Congress responded in 2005. As part of a larger energy law, the solons decided that the electricity market had changed. In large parts of the country, utilities were no longer the buyers—or even generators—of power. The Independent System Operators were the boss. So the 2005 energy law “excused” utilities from buying QF power from the cogenerators if, according to a PURPA manual written by the nation’s electric utility trade groups, the QF has access to a sufficiently competitive market to sell its power.

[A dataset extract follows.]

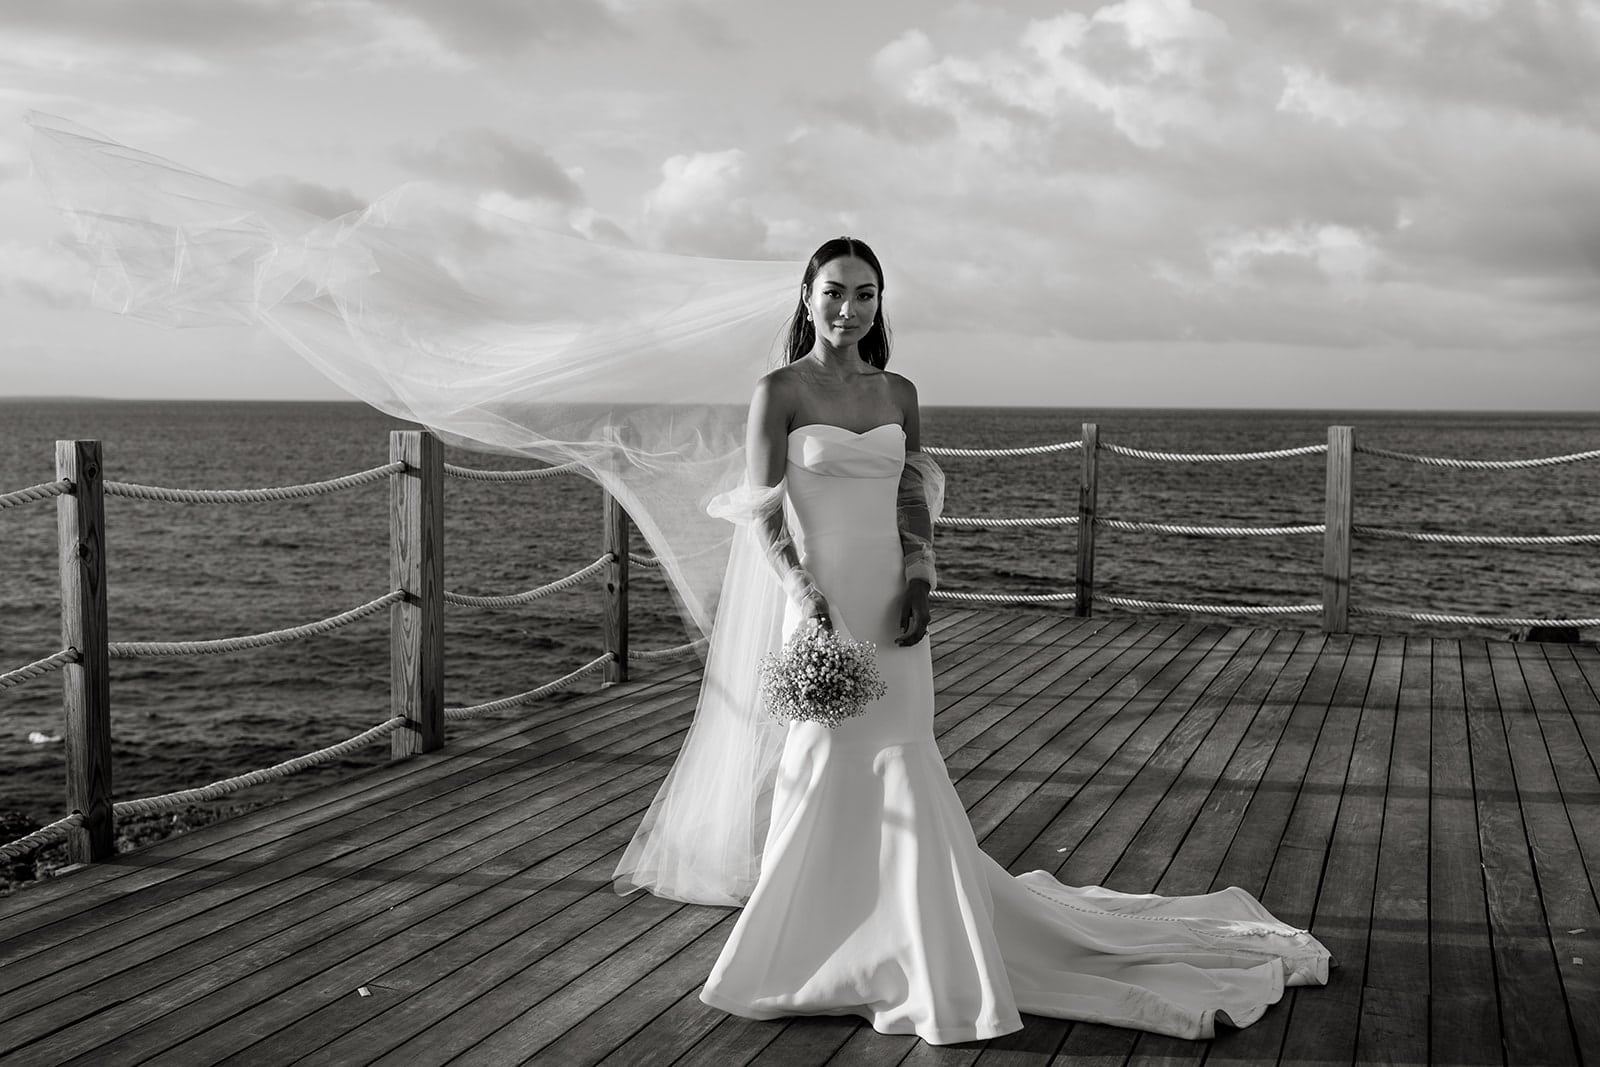 Bridal portrait with bride on dock in Anguilla while veil blows in the wind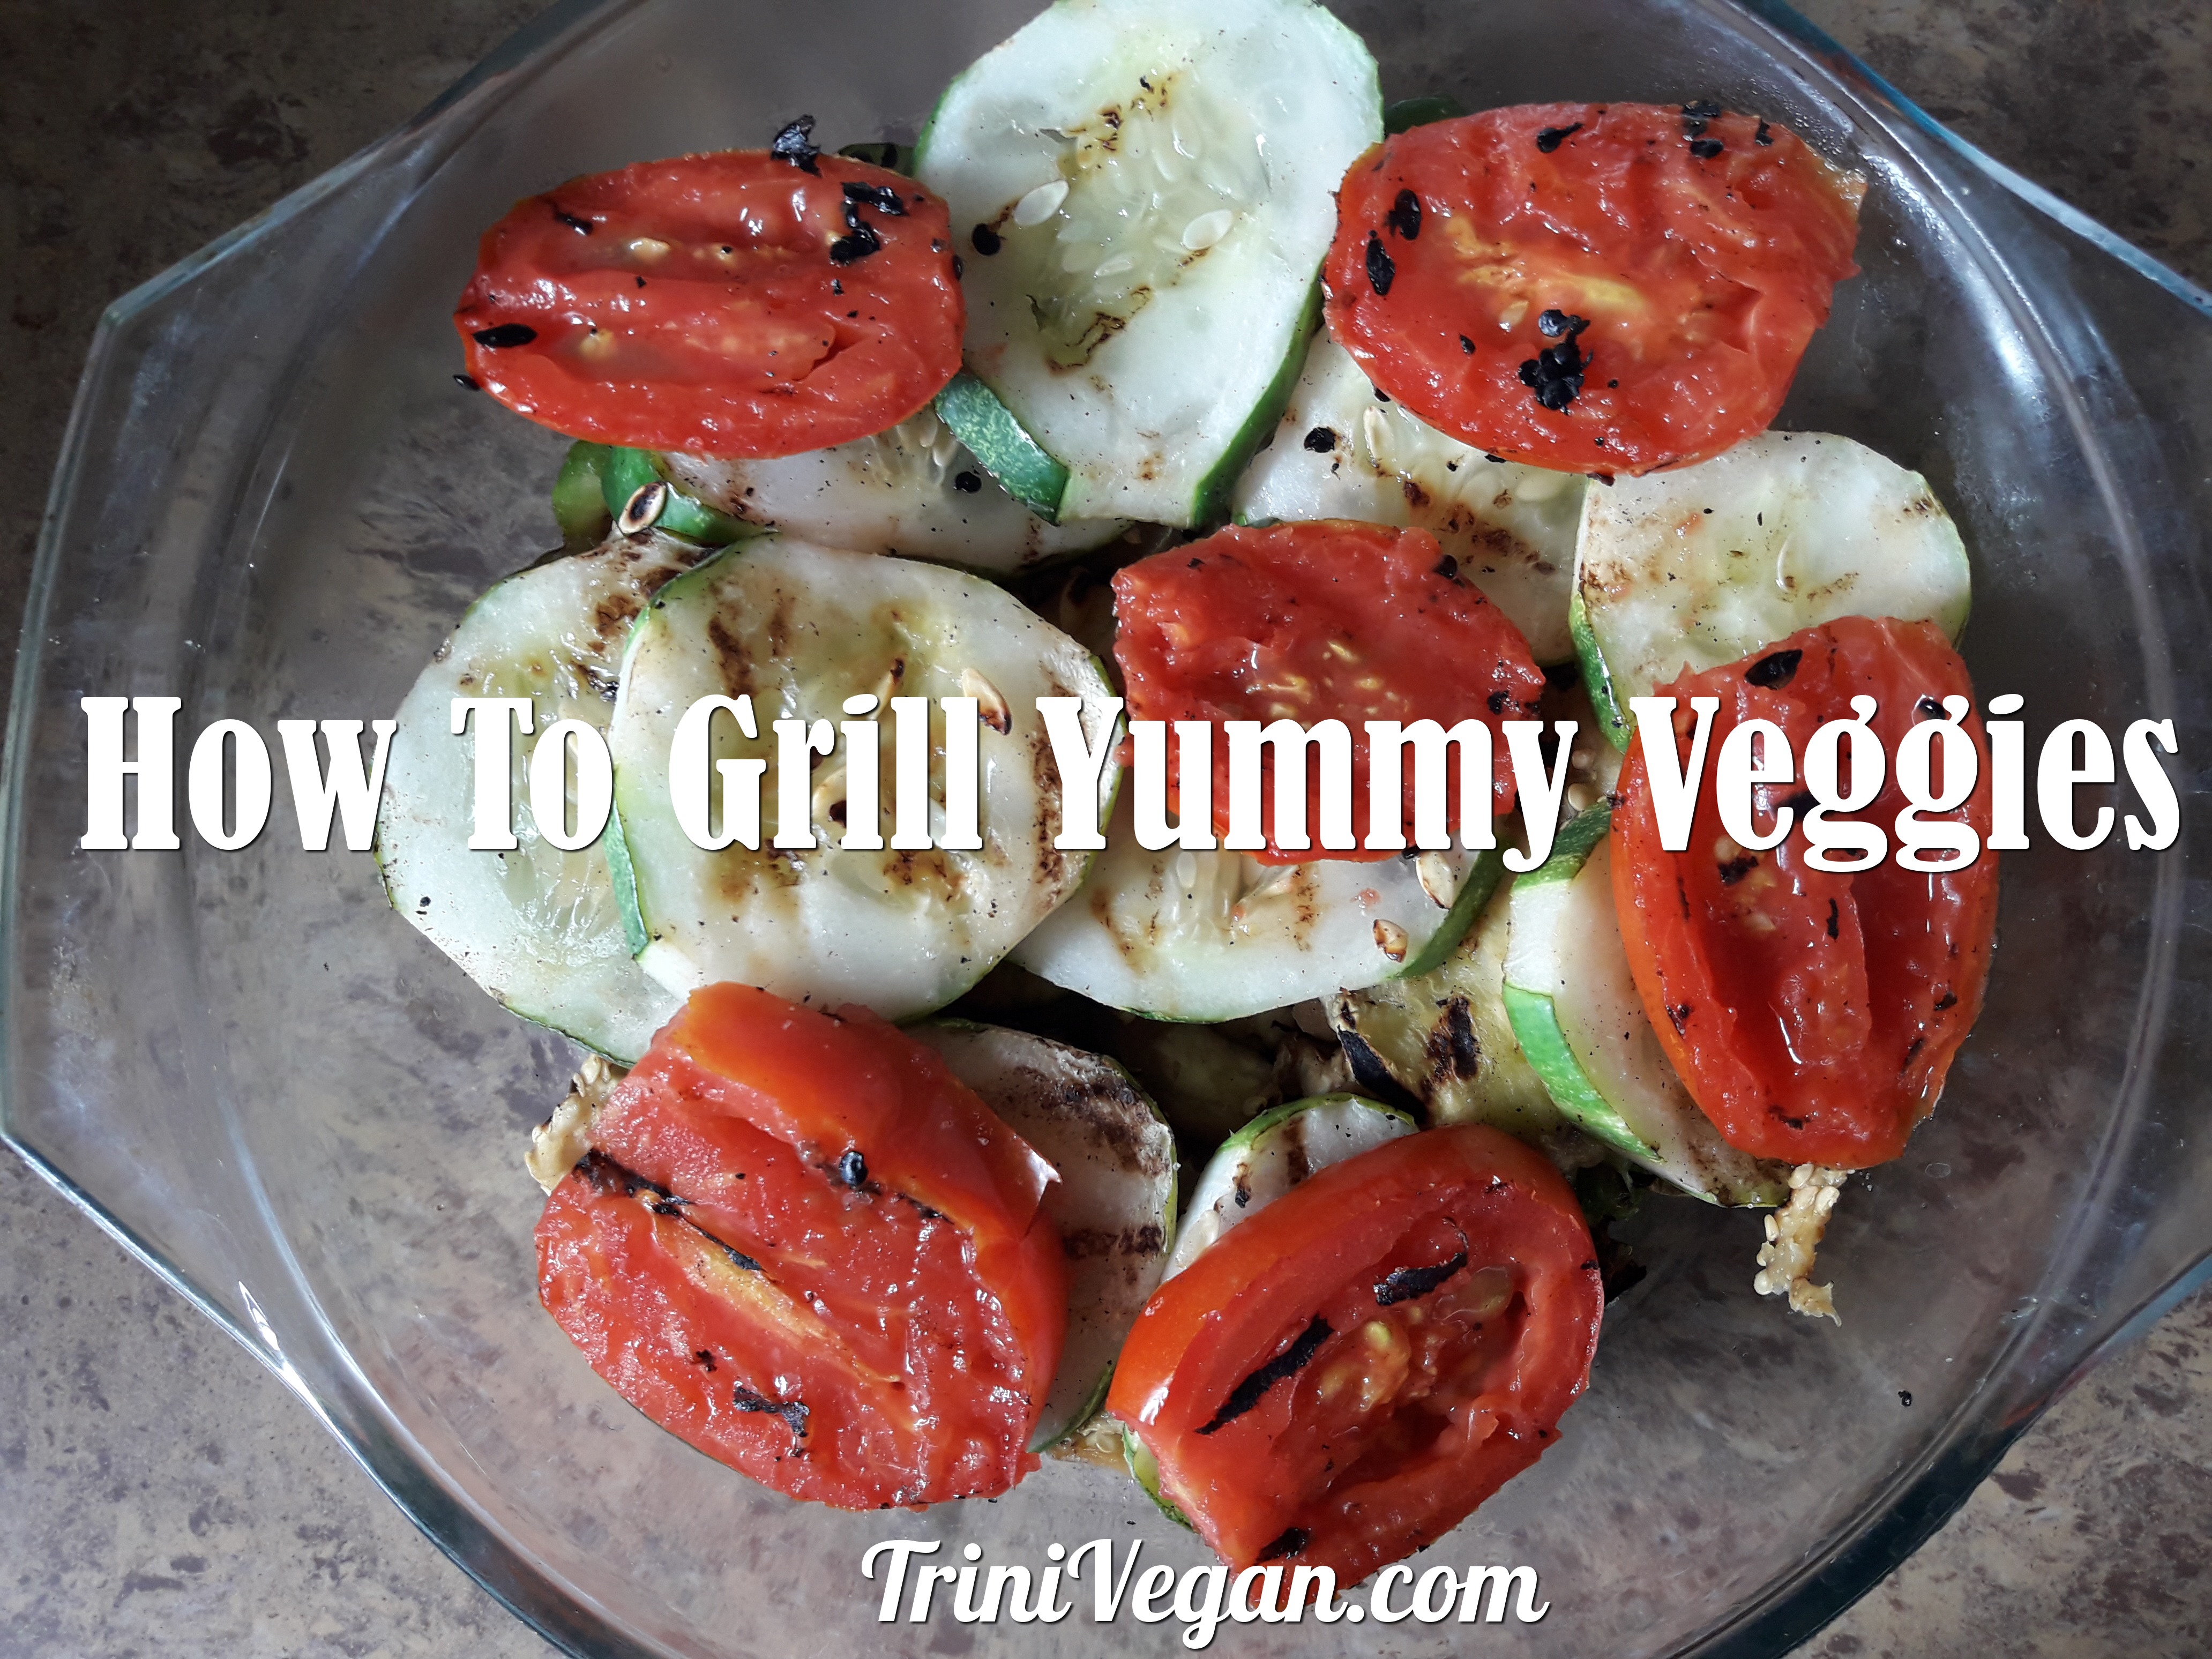 How To Grill Yummy Veggies

Specifically, no purchase obligation exists if the Federal Energy Regulatory Commission finds that the QF has nondiscriminatory access to either of the following:
■ Independently administered, auction-based day-ahead and real-time wholesale markets and wholesale markets for long-term sales of capacity and energy.
■ A regional transmission organization with competitive wholesale markets.
That effectively marked the end of the heyday of cogeneration under PURPA.
Also, the EIA noted, “CHP facilities, particularly those at industrial sites, were disproportionately hard hit by the recent economic recession. While electricity generation at non-CHP plants increased 4.8% between 2004 and 2011, electricity generation at CHP plants decreased by 11.2% over this same period.”
Since then, developers of industrial CHP projects have focused on markets that aren’t subject to the terms of the 2005 federal law: public power systems, state agencies (including colleges and universities), and the federal government. Selling power output to utilities and the wholesale power markets has been more difficult.
Recently, the ACEEE scored how states are adopting CHP generating strategies. The results show wide disparities. Some, for example, credit CHP projects in their renewable portfolio standards, while others have erected barriers to interconnecting them to the electric grid. According to the ACEEE report, California is the leader in new CHP facilities, “with over 90 installations over the last two years, but Connecticut and Massachusetts also have high levels of deployment relative to other states.”
Conversely, said ACEEE, “many states, including those with strong manufacturing bases like Indiana and Michigan, received low scores due to poor policies and have few new installations over the past few years.”
Said the ACEEE, “Several barriers impede the full realization of the country’s CHP potential. These include electric utility rate structures that discourage utility investment in CHP, a lack of common and fair interconnection and net metering standards, discriminatory utility standby rates, and emissions regulations that do not recognize the improved efficiency and pollution benefits of CHP systems.”
But the energy efficiency group has hopes for the future of CHP, noting that “states with resiliency-focused programs and goals, such as New Jersey, Connecticut, and New York have seen growth in CHP deployment since Superstorm Sandy, and likely will continue to see that in the future as well.”
New air quality rules in the Obama administration’s Clean Power Plan could also spur CHP, says ACEEE. “As states work toward compliance with new air quality regulations… CHP is a readily available resource that can help states meet their goals for energy savings and greenhouse gas emissions reductions.” ■
—Kennedy Maize is a POWER contributing editor.